Tamhidat (تمهیدات) is a Persian Sufi work by Ayn al-Quzat Hamadani (died 525 AH / 1131 CE), one of the important early texts in Islamic mysticism and Persian intellectual history. The book is regarded as a major pre-Avicennan and pre-Ibn Arabi work of mystical thought and has been studied for centuries in Iran, India, and other parts of South Asia.

==Overview==
Tamhidat presents complex mystical ideas through a comparatively accessible style. Ayn al-Quzat explains abstract Sufi concepts with examples, Persian and Arabic poetry, similes, analogies, Qur'anic quotations, and hadith reports. The work is especially notable for its treatment of the difference between external appearance and inner reality, as well as for its emphasis on spiritual insight as the means of true knowledge.
The book is described as consisting of ten sections, or "tamhids". It discusses themes such as acquired knowledge versus divinely bestowed knowledge, the inner reality of the Prophet Muhammad, and the metaphysical significance of divine light in Sufi cosmology.

==Date of composition==
The exact date of composition is not certain, but it is generally placed after the death of Ahmad Ghazali, Ayn al-Quzat's teacher, who died in 520 AH. Based on internal evidence in the text and calendar calculations, Afif Osseiran dated the work to 521 AH.

==Content==
In the first tamhid, Ayn al-Quzat distinguishes between acquired knowledge and ladunni knowledge, meaning knowledge granted directly by God. He begins this discussion with reflections on the Qur'an and the Prophet Muhammad, arguing that those who focus only on outward form fail to perceive deeper spiritual truth.
A central theme of the book is the concept of the Muhammadan Light (nur Muhammad), which Ayn al-Quzat presents as the original source of creation.
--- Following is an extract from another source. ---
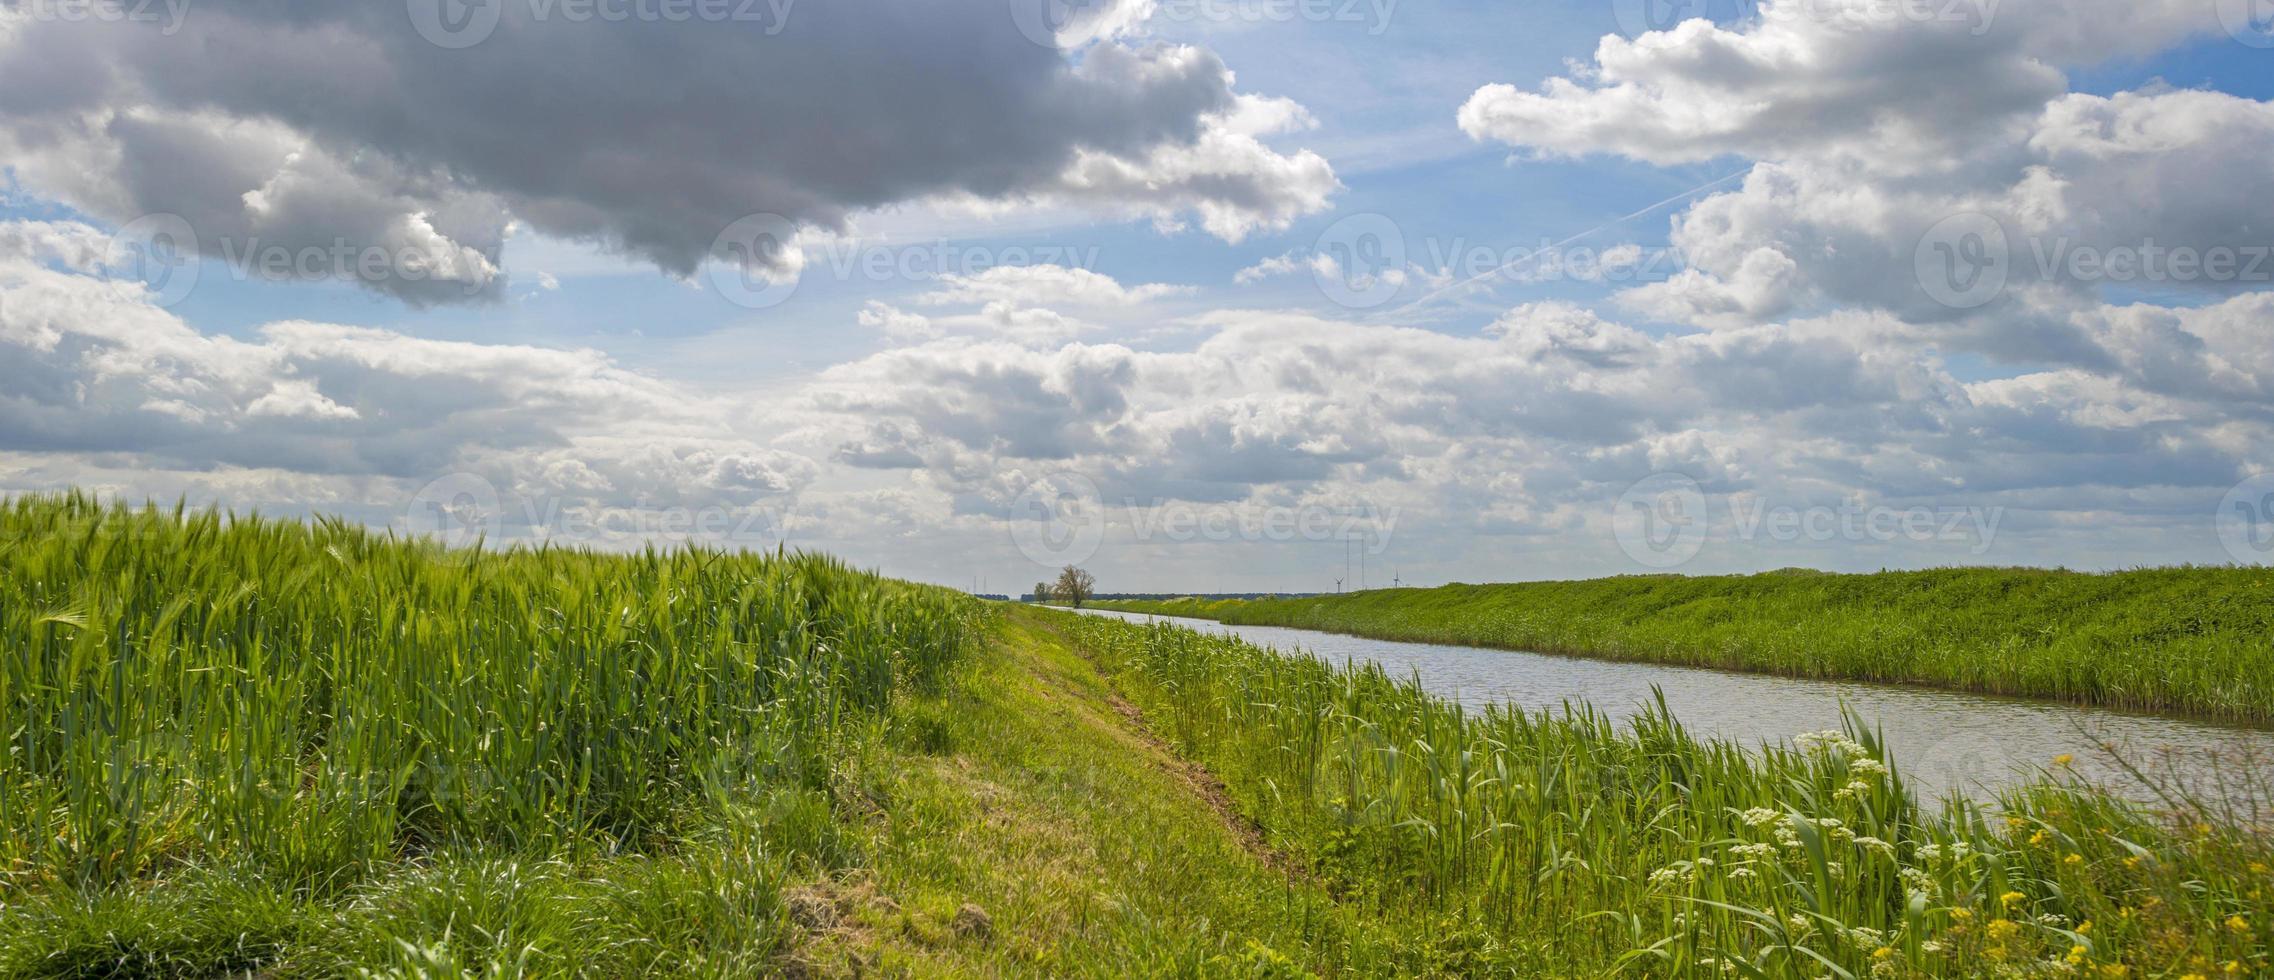 groene tarwe groeit op een zonnig veld in het voorjaar foto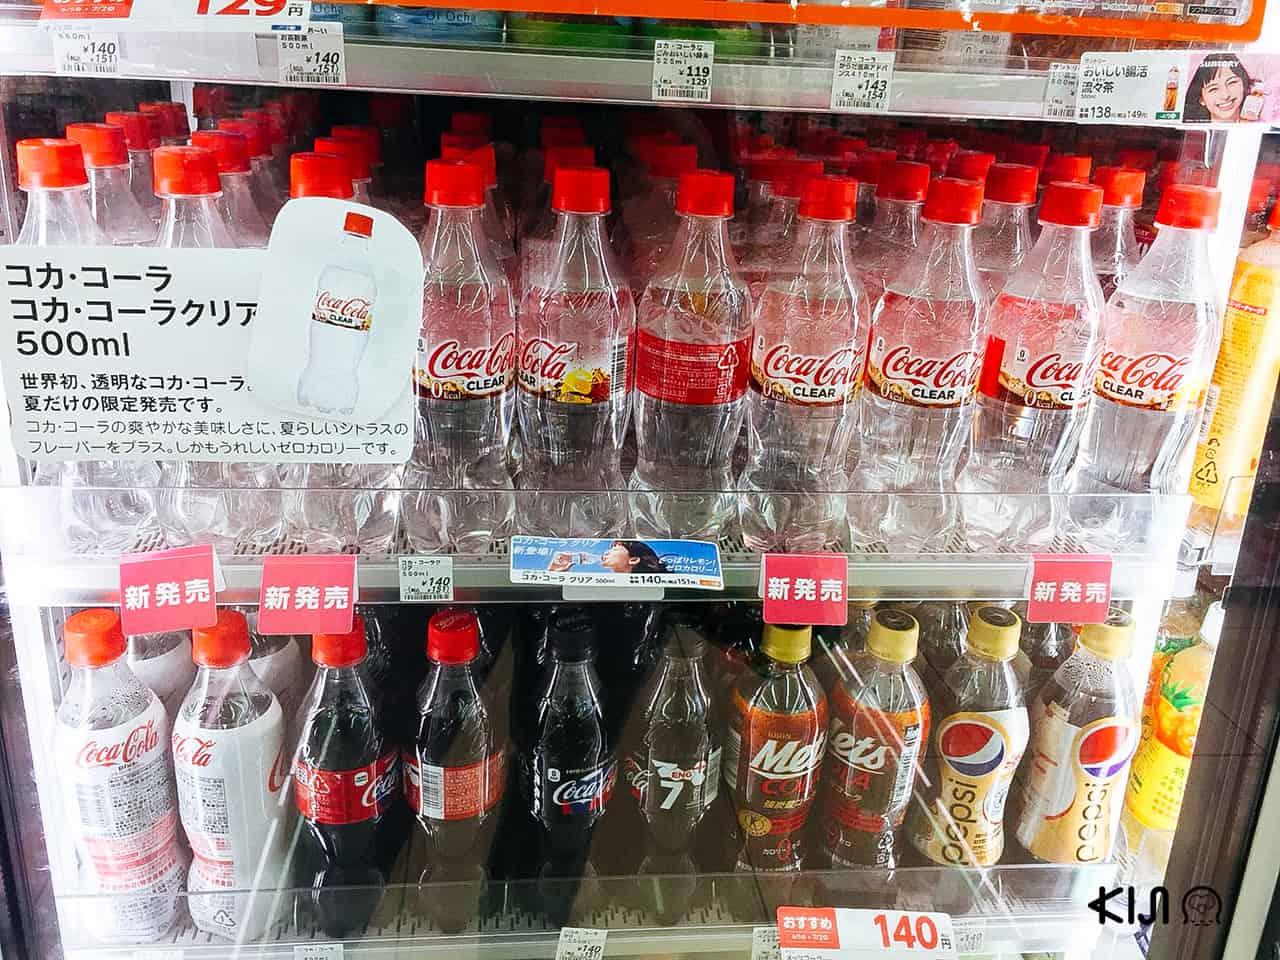 Coca- Cola Clear jp

He portrays the Prophet not merely as a human being who received revelation, but as a manifestation of divine light.
The tenth and longest tamhid, titled "The Origin and Reality of Heaven and Earth Was the Light of Muhammad and Satan Came," develops a metaphysical account of creation and spiritual reality. In this section, Ayn al-Qudat discusses the light of Satan as arising from the divine light of majesty and describes Satan as loving God. He also presents the Prophet's inward reality as an eternal principle distinct from Muhammad's historical life.

Zabihollah Safa attributes the opposition and hostility of the corrupt clergy and the common people toward Ayn al-Quzāt to certain passages in his book Tamhīdāt, which were used as evidence against him. It was according to this that Abu'l-Qasim Darguzini, the vizier of the Seljuks, was moved to scheme to do away with him.

==Style==
The style of Tamhidat is highly interpretive and densely symbolic. Ayn al-Qudat combines doctrinal exposition with literary devices and scriptural references, making the text both theological and poetic. The repeated use of Qur'anic verses and prophetic traditions reflects its grounding in Islamic sources, while the use of metaphor and analogy makes difficult mystical ideas more intelligible.

==Significance==
Tamhidat is considered one of the foundational works of Islamic mysticism in Persian literature. It offers important material on Sufi doctrine and preserves references to numerous mystics and mystical teachings that might otherwise be unknown. Its long history of readership across Iran and South Asia reflects its influence within the Sufi tradition.